> **Assignment**
In the entries below, find the line containing "JL Prime 50" and the line containing "A close up of". Copy those two lines and everything between them exactly, without the pictures.

> **Source material**
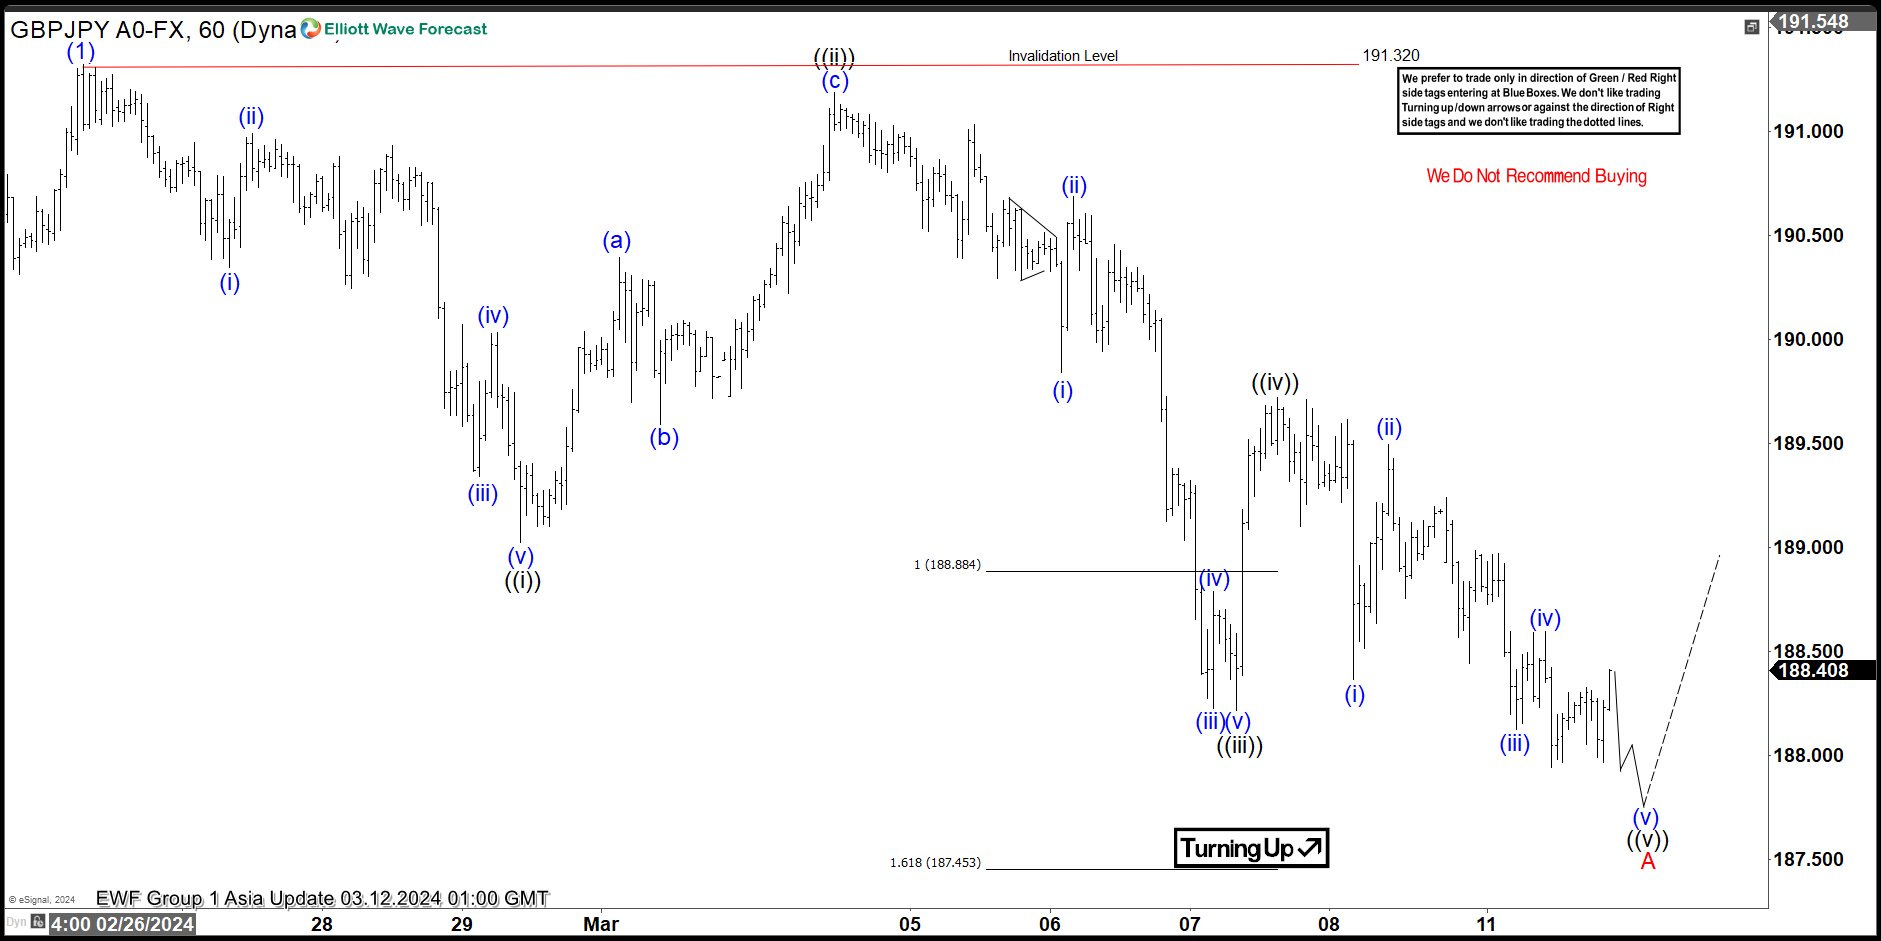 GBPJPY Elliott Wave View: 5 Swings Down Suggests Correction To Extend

--

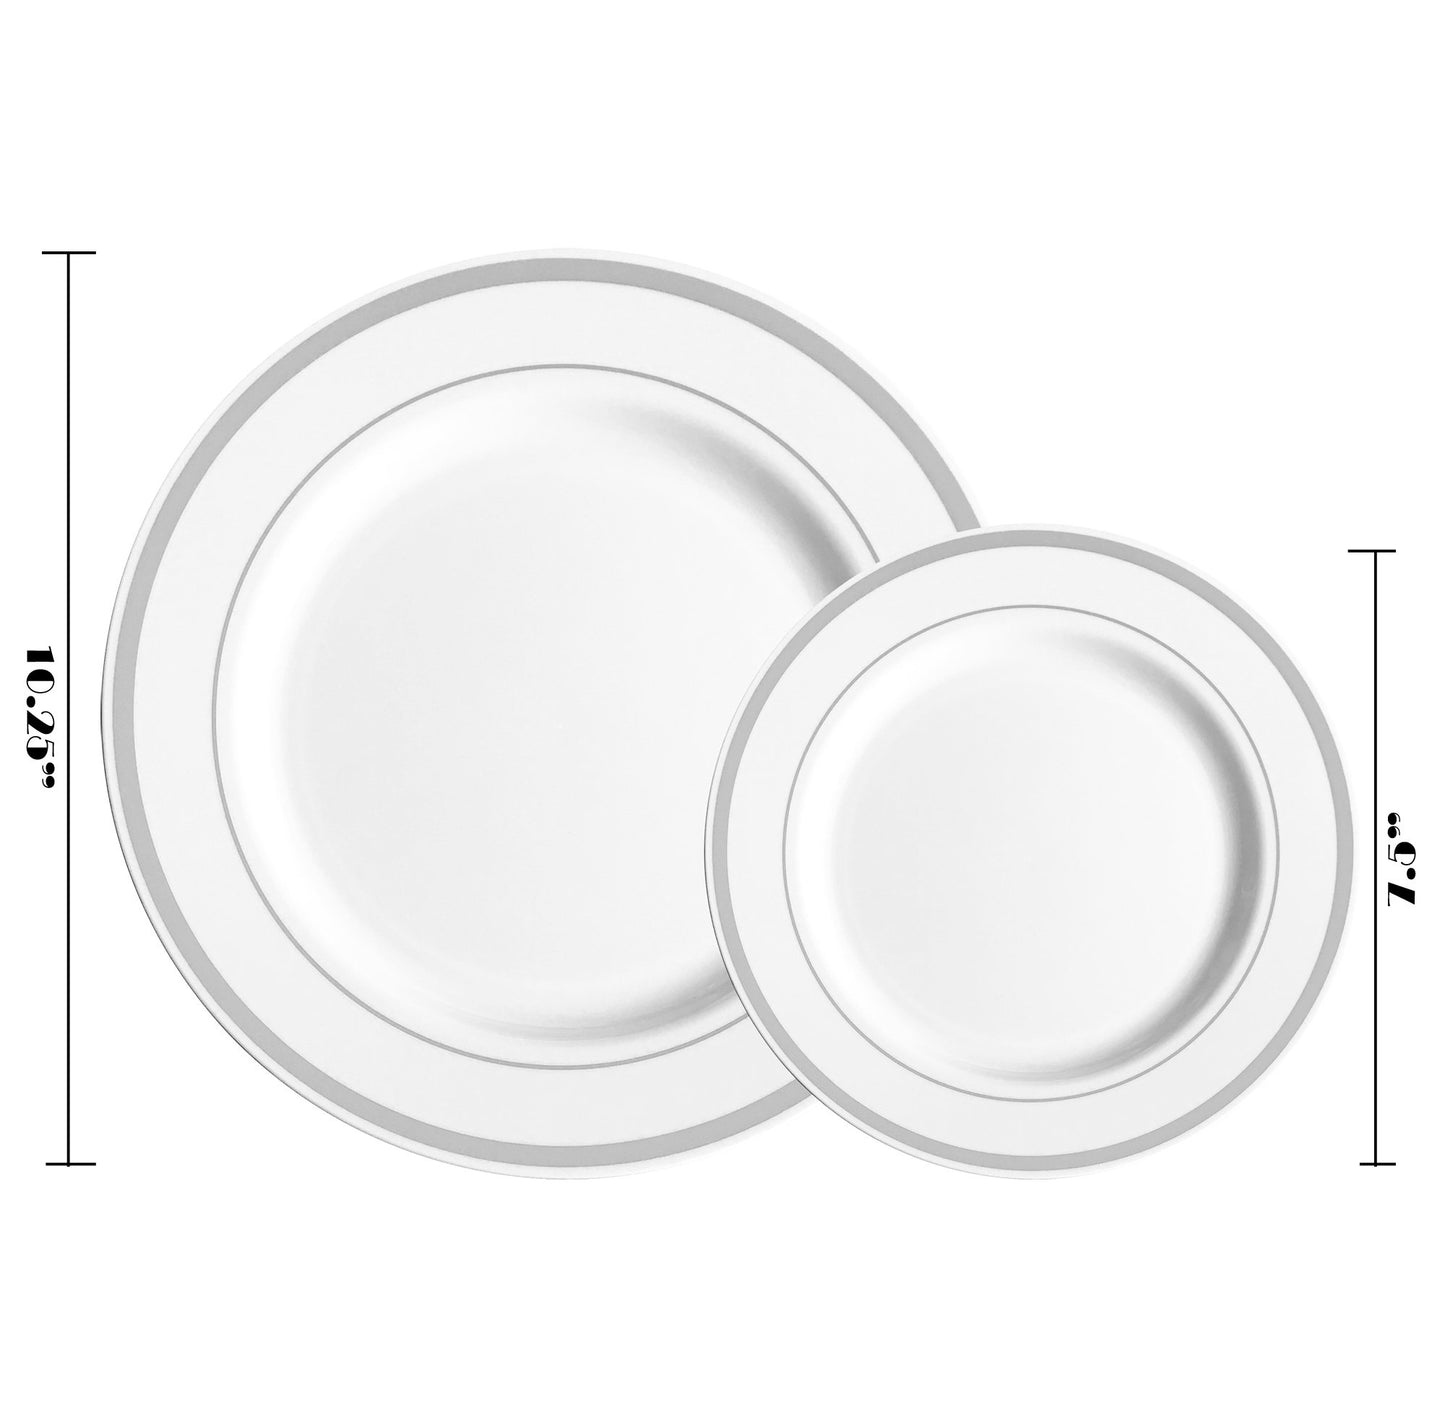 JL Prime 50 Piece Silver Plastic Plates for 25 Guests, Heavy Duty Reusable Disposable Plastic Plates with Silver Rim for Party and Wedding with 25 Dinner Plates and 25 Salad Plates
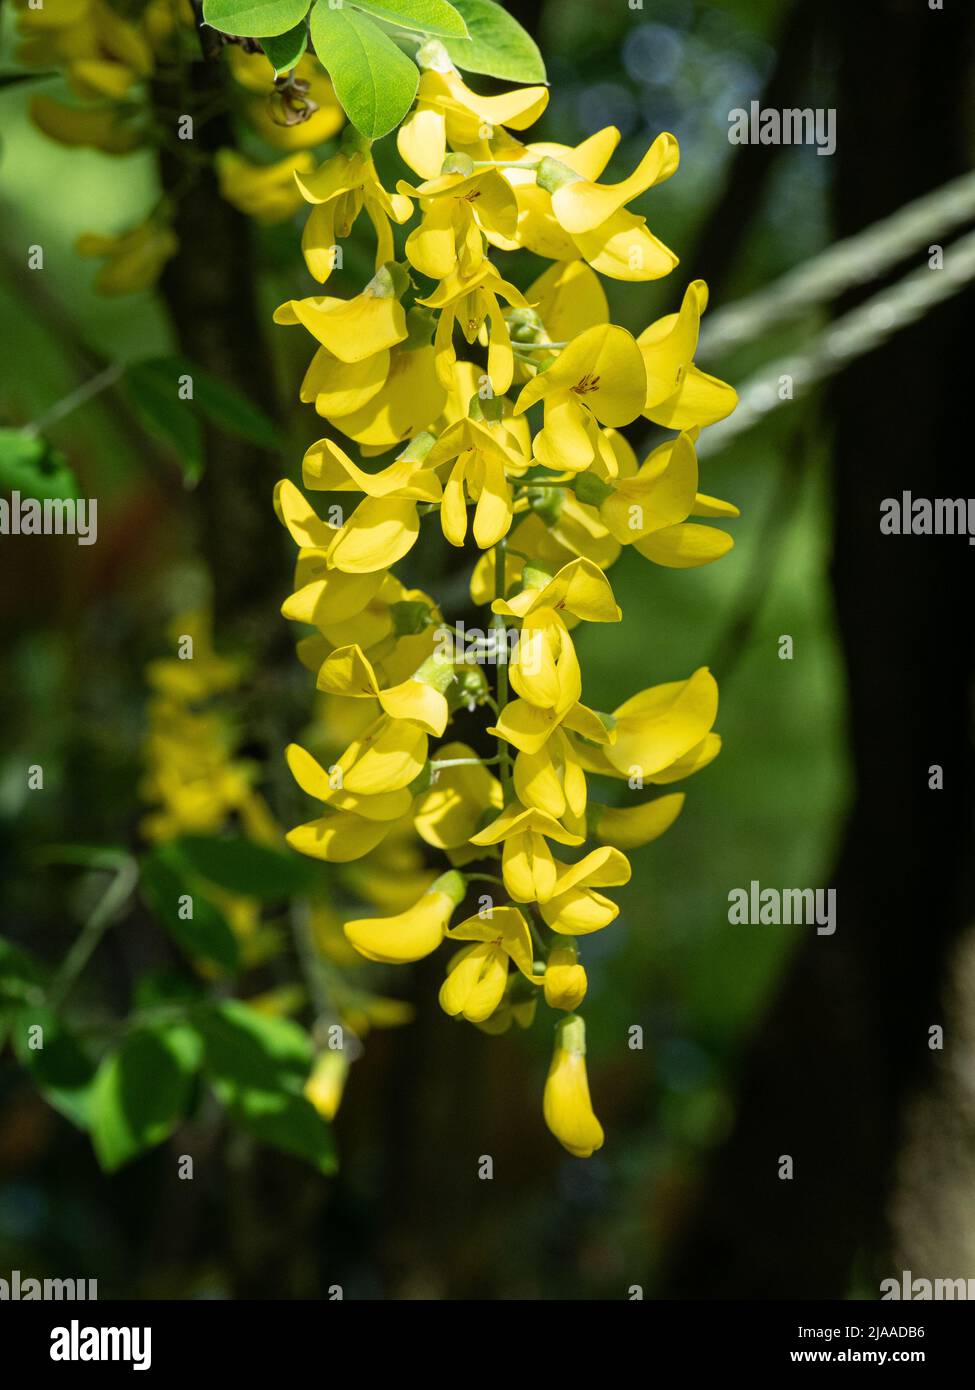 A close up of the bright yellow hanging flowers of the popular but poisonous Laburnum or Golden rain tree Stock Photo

* * *

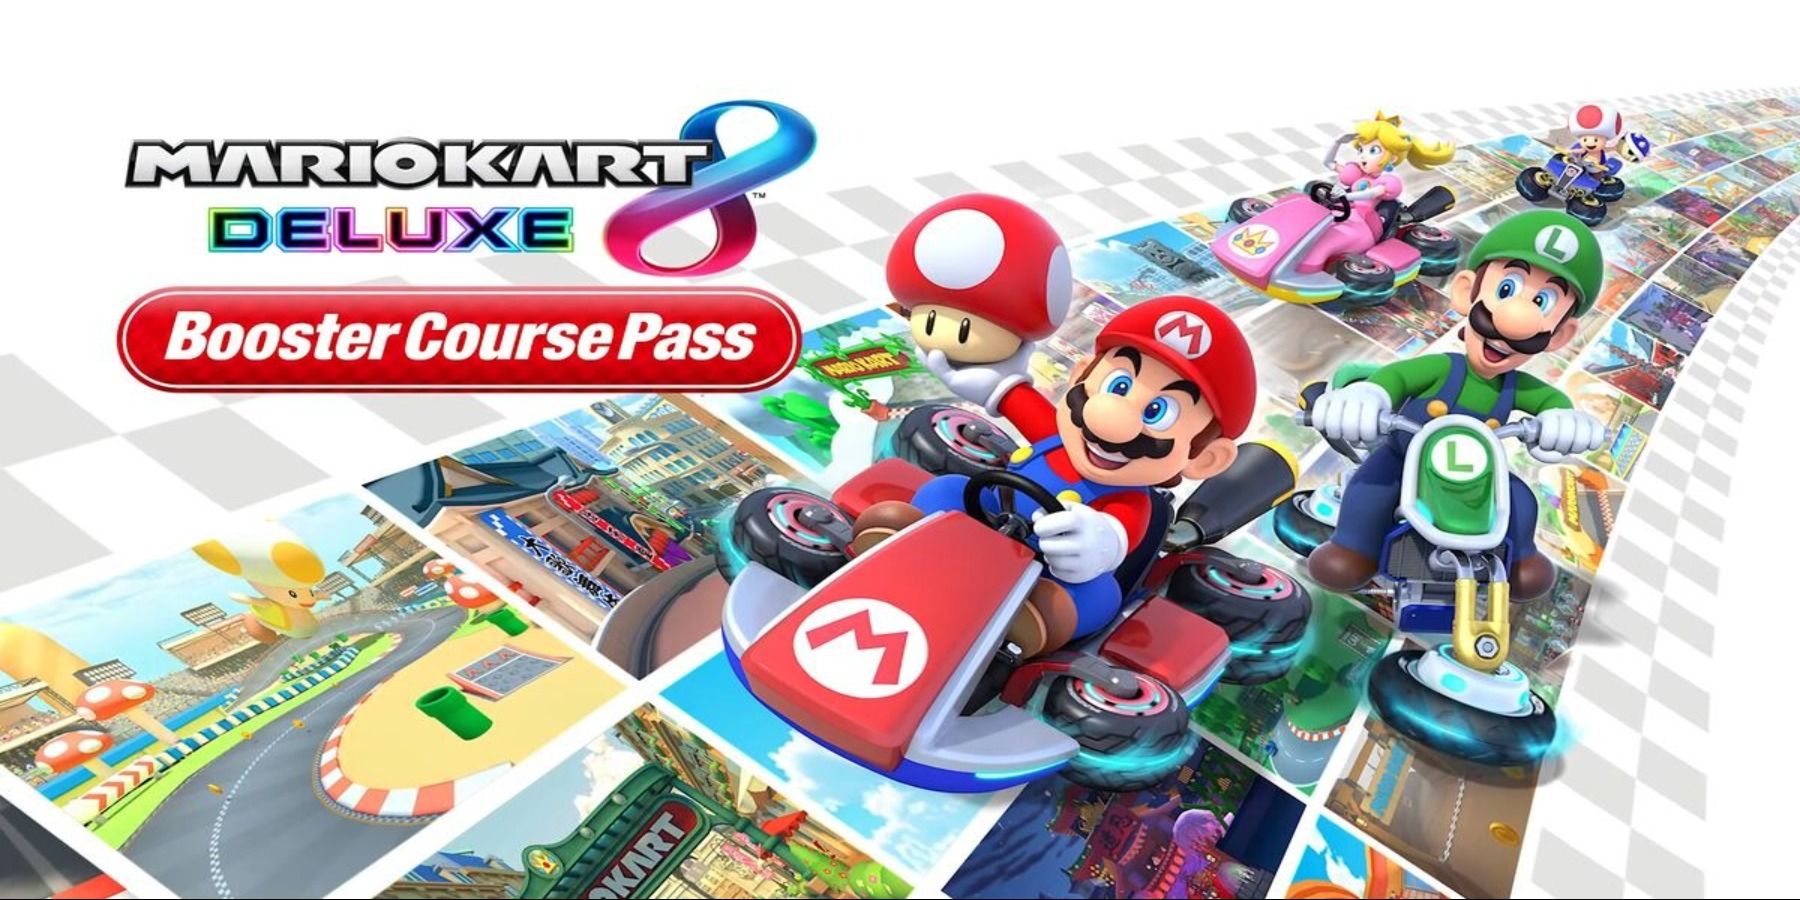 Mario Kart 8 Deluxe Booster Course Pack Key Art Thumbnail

> **Answer area**
 JL Prime 50 Piece Silver Plastic Plates for 25 Guests, Heavy Duty Reusable Disposable Plastic Plates with Silver Rim for Party and Wedding with 25 Dinner Plates and 25 Salad Plates
 A close up of the bright yellow hanging flowers of the popular but poisonous Laburnum or Golden rain tree Stock Photo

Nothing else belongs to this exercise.